Exercise data Block Start
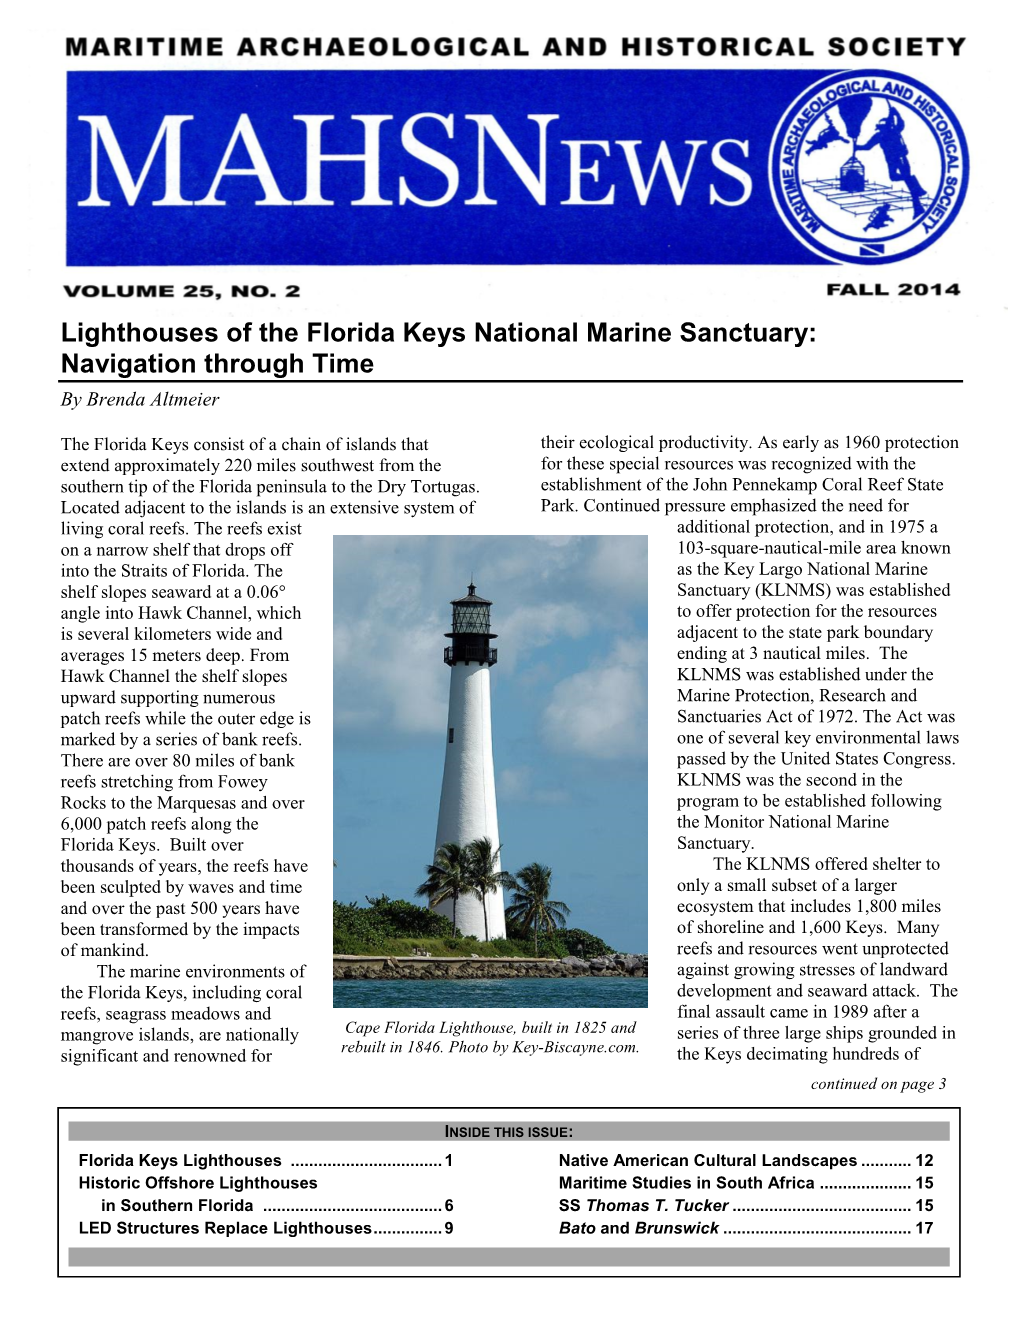 MAHS Pickles Reef Survey, Florida Keys National Marine Sanctuary
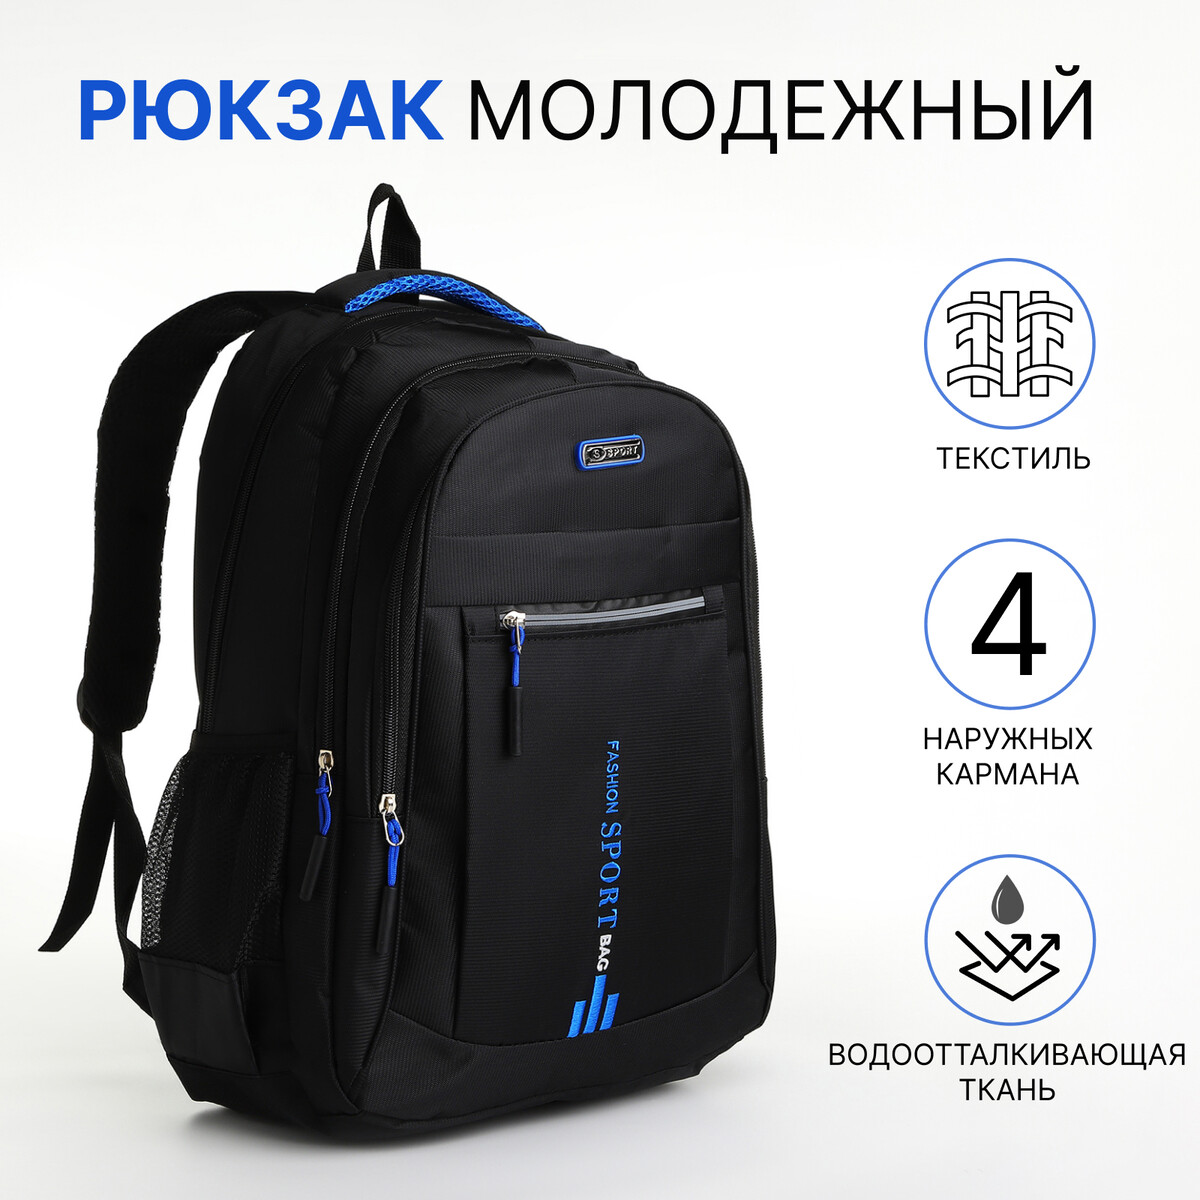 Рюкзак молодежный из текстиля на молнии, 4 кармана, цвет черный/синий рюкзак молодежный grizzly с карманом для ноутбука 15 ru 432 4 3 синий
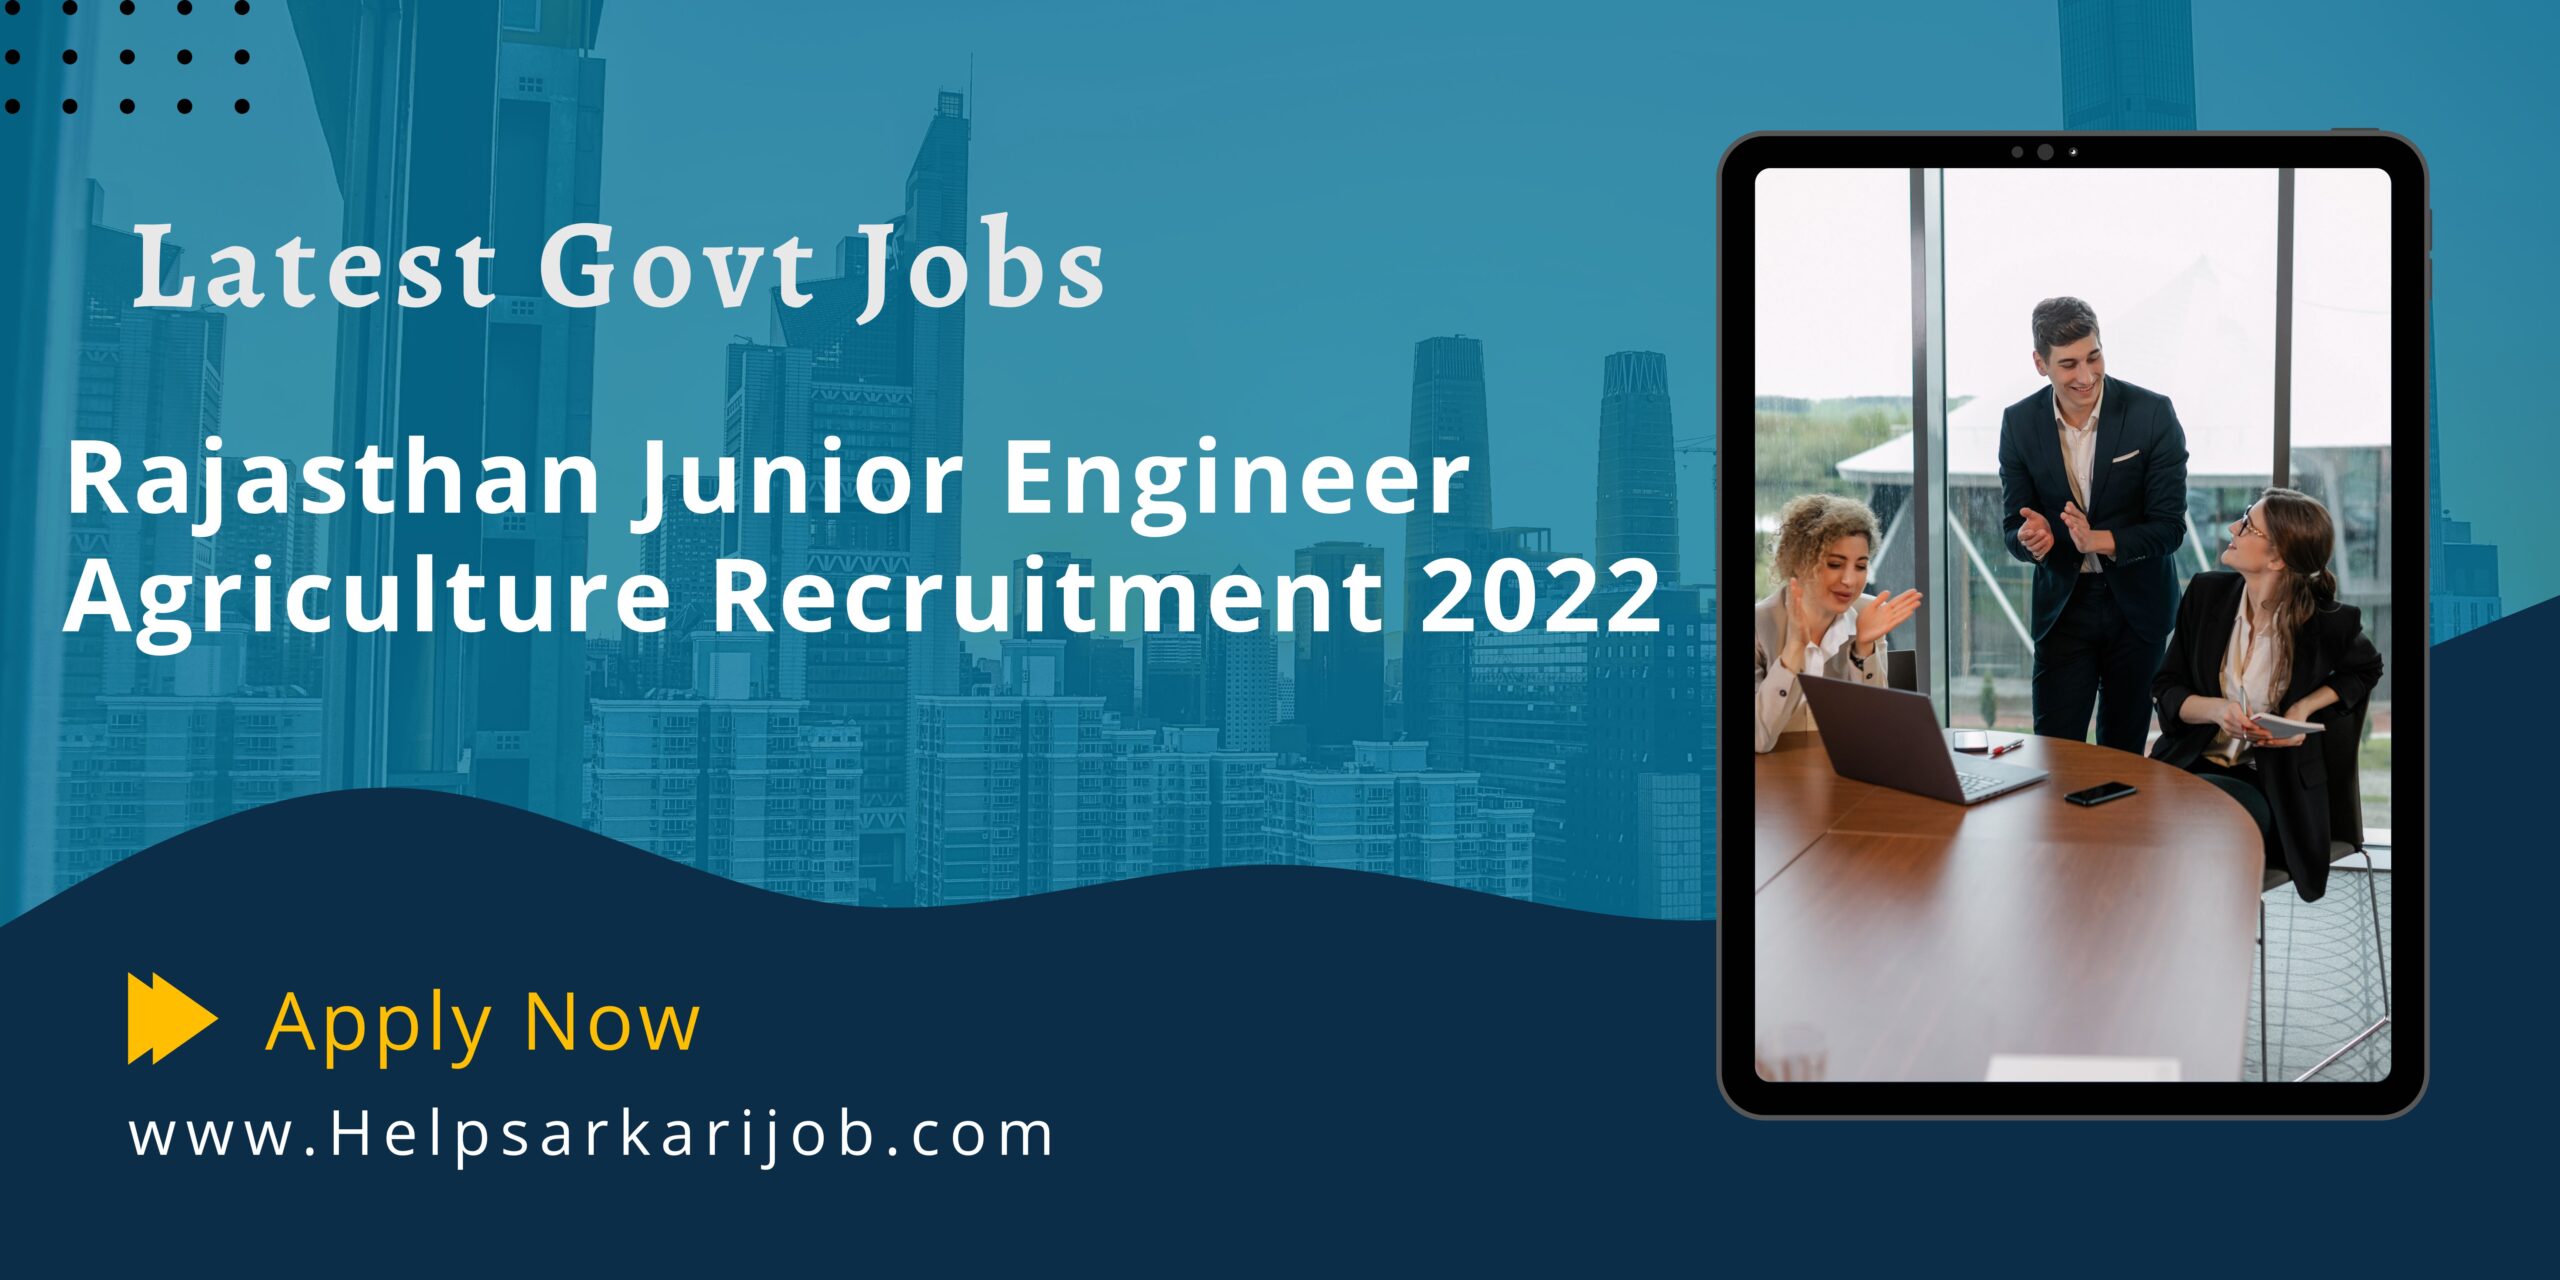 Rajasthan Junior Engineer Agriculture Recruitment 2022
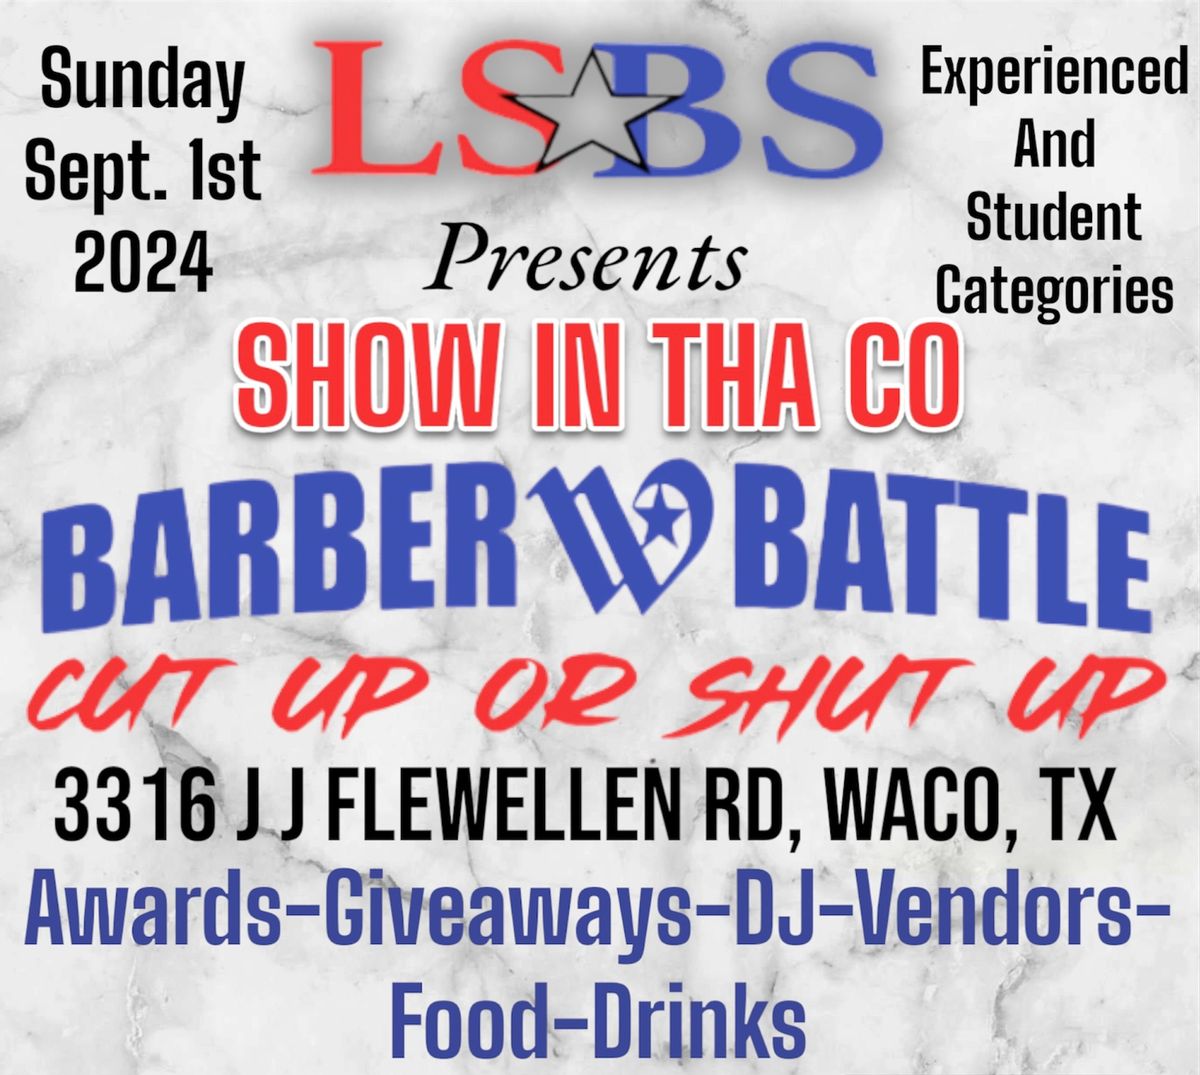 LSBS Waco Barber Battle
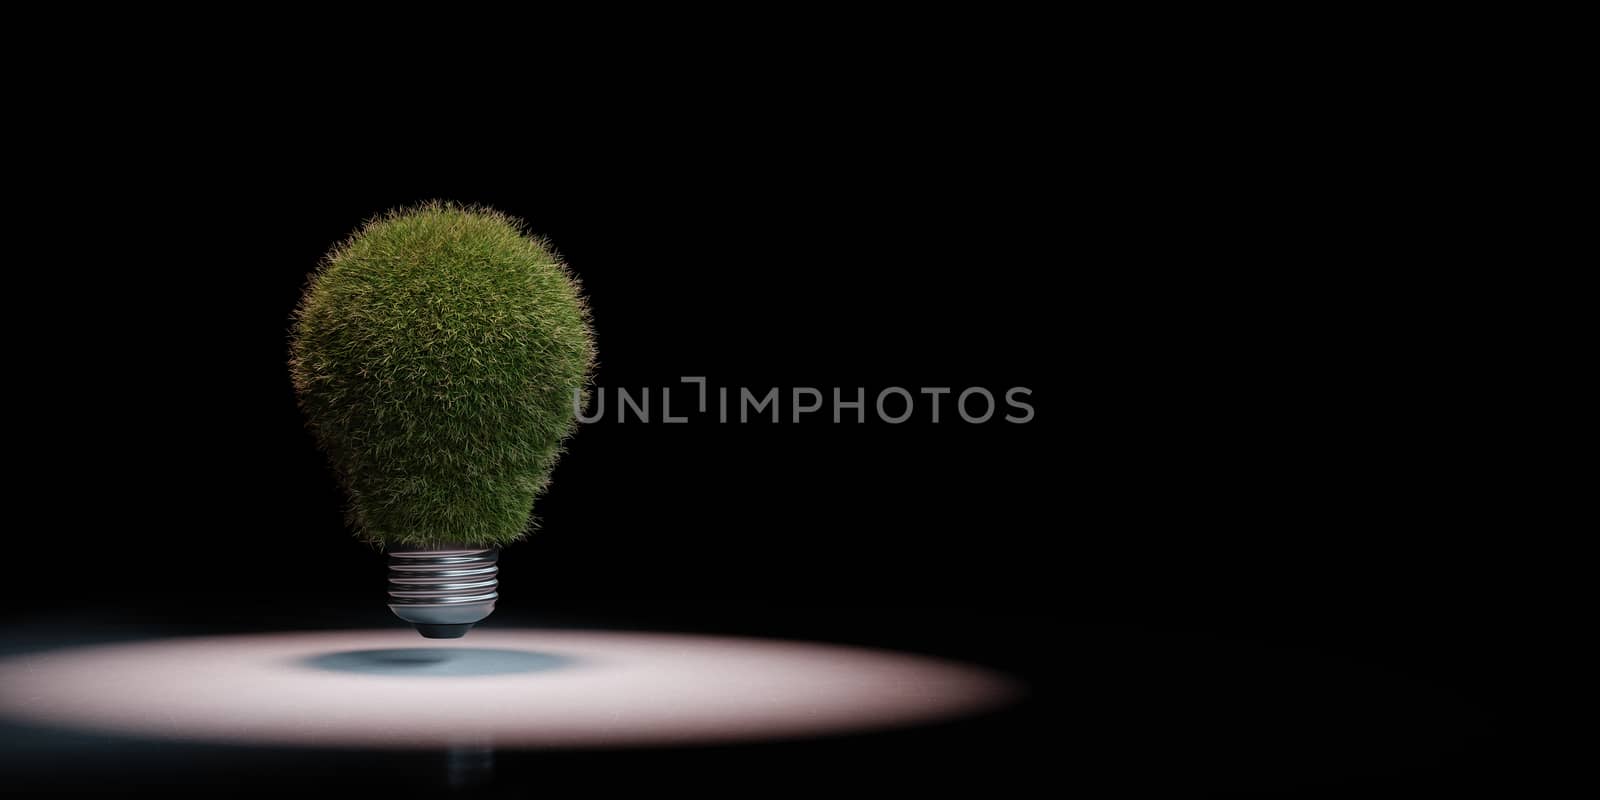 Grassy Light Bulb Spotlighted on Black Background with Copy Space 3D Illustration
Exercise data Block End
__Exercise__: In the answer, the data should reappear exactly, with no pictures.

__Response for this exercise__:
 MAHS Pickles Reef Survey, Florida Keys National Marine Sanctuary
 Рюкзак молодежный из текстиля на молнии, 4 кармана, цвет черный/синий рюкзак молодежный grizzly с карманом для ноутбука 15 ru 432 4 3 синий
 Rajasthan Junior Engineer Agriculture Recruitment 2022
 LSBS Waco Barber Battle
 Grassy Light Bulb Spotlighted on Black Background with Copy Space 3D Illustration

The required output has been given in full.